Promise chaining when using $timeout

twip picture twip · Mar 8, 2016 · Viewed 13.5k times · Source

I'm trying to understand the promise API and chaining, particularly the timing when $timeoutis used with .then(). What I had expected from the following is that since $timeout returns a promise, .then() would not be called until it had resolved.

But instead of ABAB, it's ABBA all the time.

How can I use the promise API to ensure that a long-running call (or delayed call using $timeout) is actually complete before the .then() gets executed?

Code

angular
  .module('app', [])
  .controller('ThenCtrl', ThenCtrl);

function ThenCtrl($timeout, $q) {
  var vm = this;

  vm.items = [];

  $q.when(pushA()).then(pushB());

  $timeout(pushA, 5000).then(pushB());

  function pushA() {
    vm.items.push('A');
  }

  function pushB() {
    vm.items.push('B');
  }
}

Markup

<div ng-app="app">
  <div ng-controller="ThenCtrl as vm">
    {{vm.items}}
  </div>
</div>

I've set up a fiddle: https://jsfiddle.net/kan3c61t/

Answer

georgeawg picture georgeawg · Mar 8, 2016

Don't invoke the functions inside the .then methods.

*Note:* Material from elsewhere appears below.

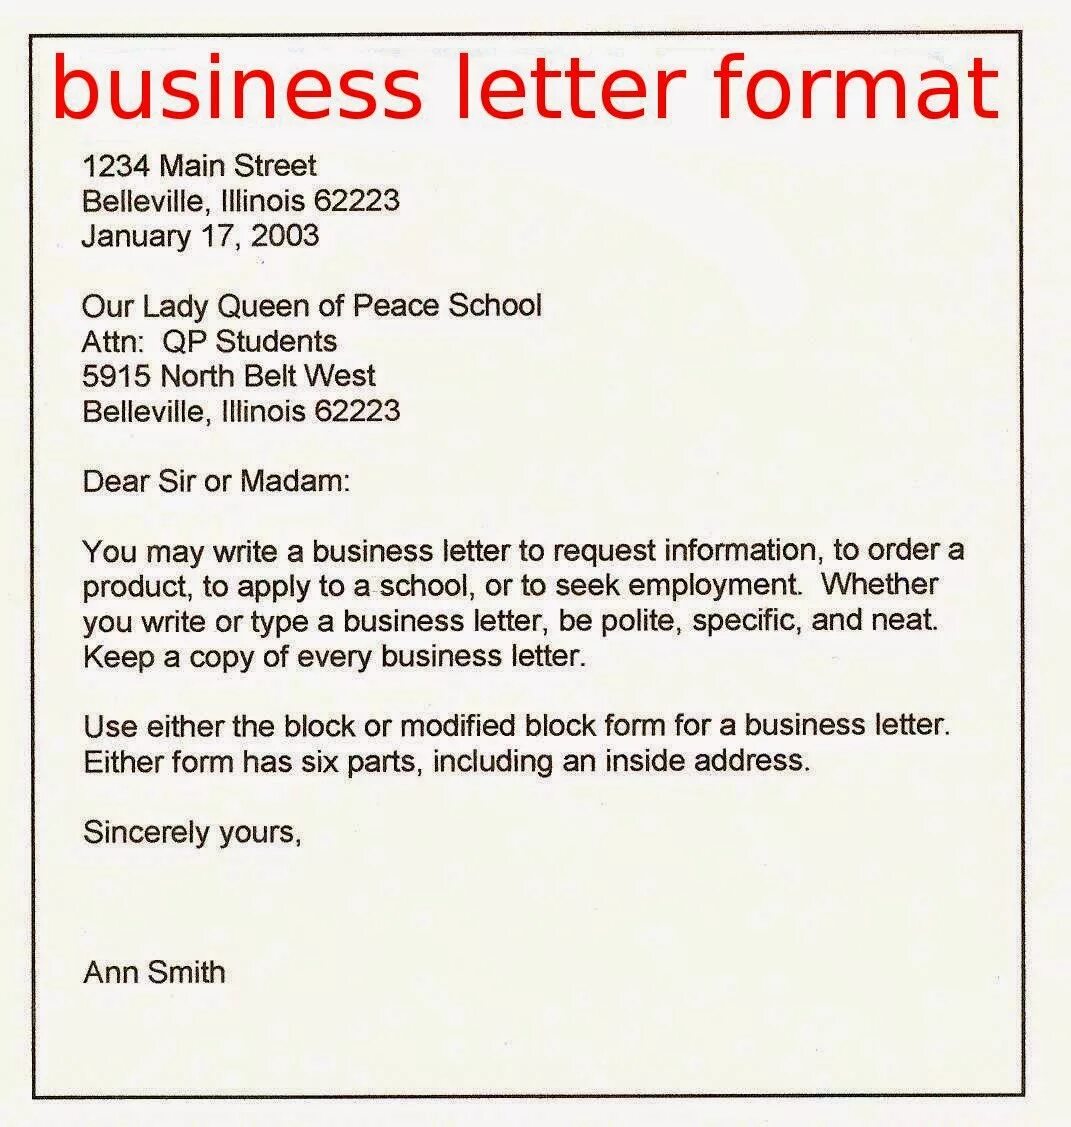 Letters пример. Business Letter. Business Letter format. Business Letter example. Formal Business Letter.

  ̶$̶q̶.̶w̶h̶e̶n̶(̶p̶u̶s̶h̶A̶(̶)̶)̶.̶t̶h̶e̶n̶(̶p̶u̶s̶h̶B̶(̶)̶)̶;̶
  $q.when(pushA()).then(pushB);

  ̶$̶t̶i̶m̶e̶o̶u̶t̶(̶p̶u̶s̶h̶A̶,̶ ̶5̶0̶0̶0̶)̶.̶t̶h̶e̶n̶(̶p̶u̶s̶h̶B̶(̶)̶)̶;̶    
  $timeout(pushA, 5000).then(pushB);

Instead pass the functions as arguments to the .then method. The $q service will hold those functions to be invoked later.

The way the $q service works is it stores the argument of the .then method as a function to be invoked later. In this case, the $q service was storing the value returned by pushB() with the side effect of pushing B immediately onto the array.

The DEMO on JSFiddle